$\lim_{x\to0} (\sin x-x)/x^3$ why can't the fraction be split first like $x/x^3 - \sin x/x^3$

Question

$\lim_{x\to0} (\sin x-x)/x^3$ why can't the fraction be split first like $x/x^3 - \sin x/x^3$ and then later on be written as $1/x^2 -\sin x/x \cdot x^2$ and $\sin x/x =1$ so $1/x^2-1/x^2=0$

Answer 1

Well, it simply doesn't work that way. You can write $$(\sin x-x)/x^3=\frac{(\sin x)/x}{x^2}-\frac1{x^2}$$if you like, but that doesn't help find the original limit, since the limits of the two terms on the right do not exist. Your argument seems to be saying that $$\lim_{x\to0}\frac{\sin x}{x}\frac1{x^2}=\frac1{x^2},$$but that's not true. (Makes no sense; if that limit did exist it would be a single number, not a function of $x$...)

Good of you to add the "explanation" $\sin(x)/x=1$. That's not true, in fact it's easy to see that $|\sin(x)/x|<1$ for every $x\ne0$.

Answer 2

$$\frac{\sin x-x}{x^3} = \frac{\frac{\sin x}x-1}{x^2}$$

You can't then simply say

$$\lim_{x\to0} \frac{\frac{\sin x}x-1}{x^2} \stackrel{?}{=} \lim_{x\to0} \frac {1-1}{x^2} = \lim_{x\to0} \frac 0{x^2} = \lim_{x\to0} 0= 0$$

Although the numerator goes to $0$, so does the denominator. The numerator does not get to be zero without the denominator being zero. You can't pick and choose, letting $\frac{\sin x}x$ become $1$ first before $x^2$ becomes $0$. In fact, you don't know which one goes to $0$ faster, the numerator or the denominator, so you can't tell if it goes to $0$ or $\pm\infty$ or anything inbetween.

Answer 3

Well, what you can do is split it up like

$$\lim_{x\to0}\frac{\sin x-x}{x^3}=\lim_{x\to0}\left(\frac{\sin x}{x^3}-\frac{1}{x^2}\right).$$

However you cannot distribute the limit, i.e.

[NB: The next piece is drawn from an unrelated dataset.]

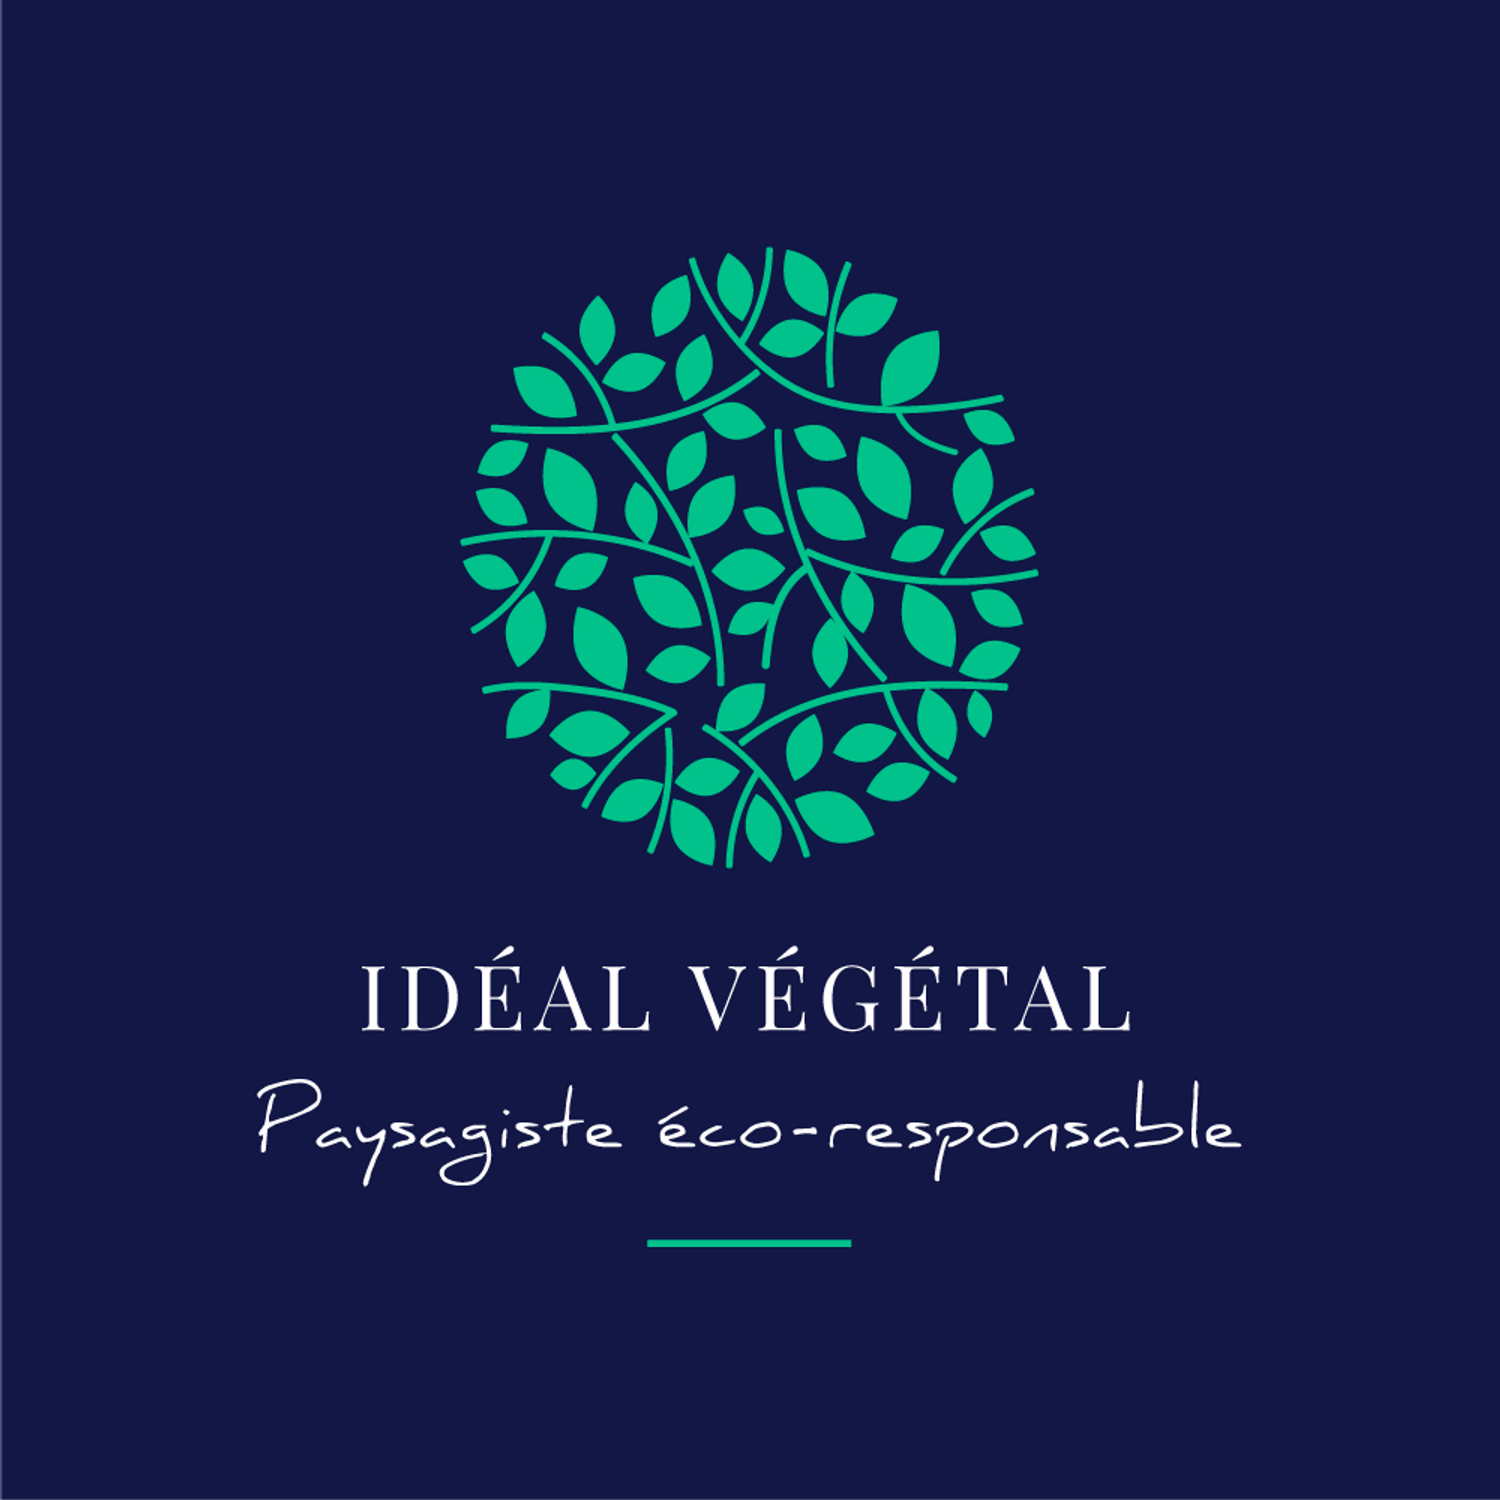 Ideal-vegetal-ecoresponsable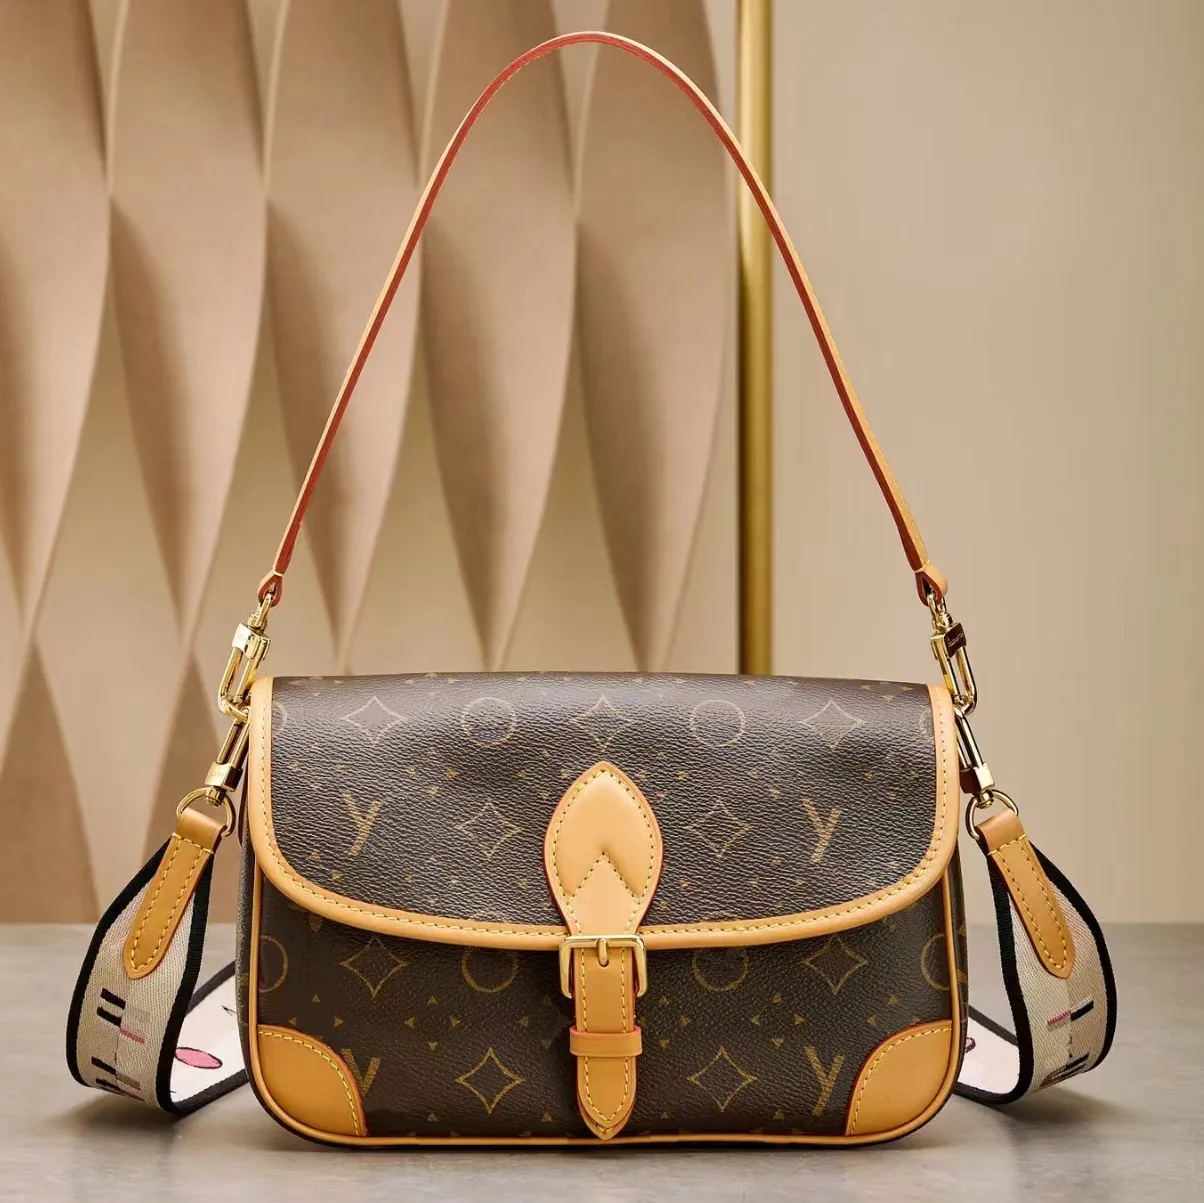 Designer Bag shoulder bag Handbag Leather luxury vintage Diane Baguette handbag fashionable leather shoulder bag 02

$$\lim_{x\to0}\left(\frac{\sin x}{x^3}-\frac{1}{x^2}\right)\neq\lim_{x\to0}\frac{\sin x}{x^3}-\lim_{x\to0}\frac{1}{x^2}.$$

The reason for this is because to do this, you need both the limits on the right hand side to exist, and clearly they do not (for one, $\frac{1}{x^2}\to\infty$ as $x\to0$). This is a general property of limits: you can only distribute the limit if the limits exist (and are finite of course), otherwise it might not hold. Take for example the limit

$$\lim_{x\to\infty}(x-x)=\lim_{x\to\infty}0=0.$$

If we would have instead distributed the limit first thing we did, then we would end up with something undefined as $\infty-\infty$, which is clearly nonsense. While this example is extremely contrived and trivial, it still shows the point, and a lot of the situations do end up occuring, which is why you have to be careful.

Answer 4

You seem to be doing the following: $$ \lim\limits_{x\rightarrow 0}\frac{\sin(x)-x}{x^3}= \lim\limits_{x\rightarrow 0}\left(\frac{\frac{\sin(x)}{x}}{x^2}-\frac{1}{x^2}\right)\stackrel{\text{$\ast$}}{=} \lim\limits_{x\rightarrow 0}\left(\frac{\lim\limits_{x\rightarrow 0}\frac{\sin(x)}{x}}{x^2}-\frac{1}{x^2}\right)= \lim\limits_{x\rightarrow 0}\left(\frac{1}{x^2}-\frac{1}{x^2}\right)= \lim\limits_{x\rightarrow 0}0= 0 $$

The problem is in the step marked by the $\ast$, all other steps are fine. Any step in math needs to be justified by a rule which is applied appropriately in the context of the expression. There is no rule for doing what is happening in step $\ast$. If even a single step cannot be justified, it might give you a faulty equality (which happens here) and all remaining steps, although correct when viewed in isolation, will in general produce unequal terms.

What you could do instead is to use L'Hôpital's rule. Alternatively you could expand $\sin(x)-x=-\frac{x^3}{6}+\sum\limits_{n=2}^{\infty}(-1)^n\frac{x^{2n+1}}{(2n+1)!}$ into a convergent power series and compute with that - this however might be beyond your level, as you need to interchange a limit and a series, which can be done here (theory of analytic functions which implies uniform convergence near $0$ for the function in question), but in general is wrong.

Your issues are in spirit similar to this beginner struggling with limits or that one.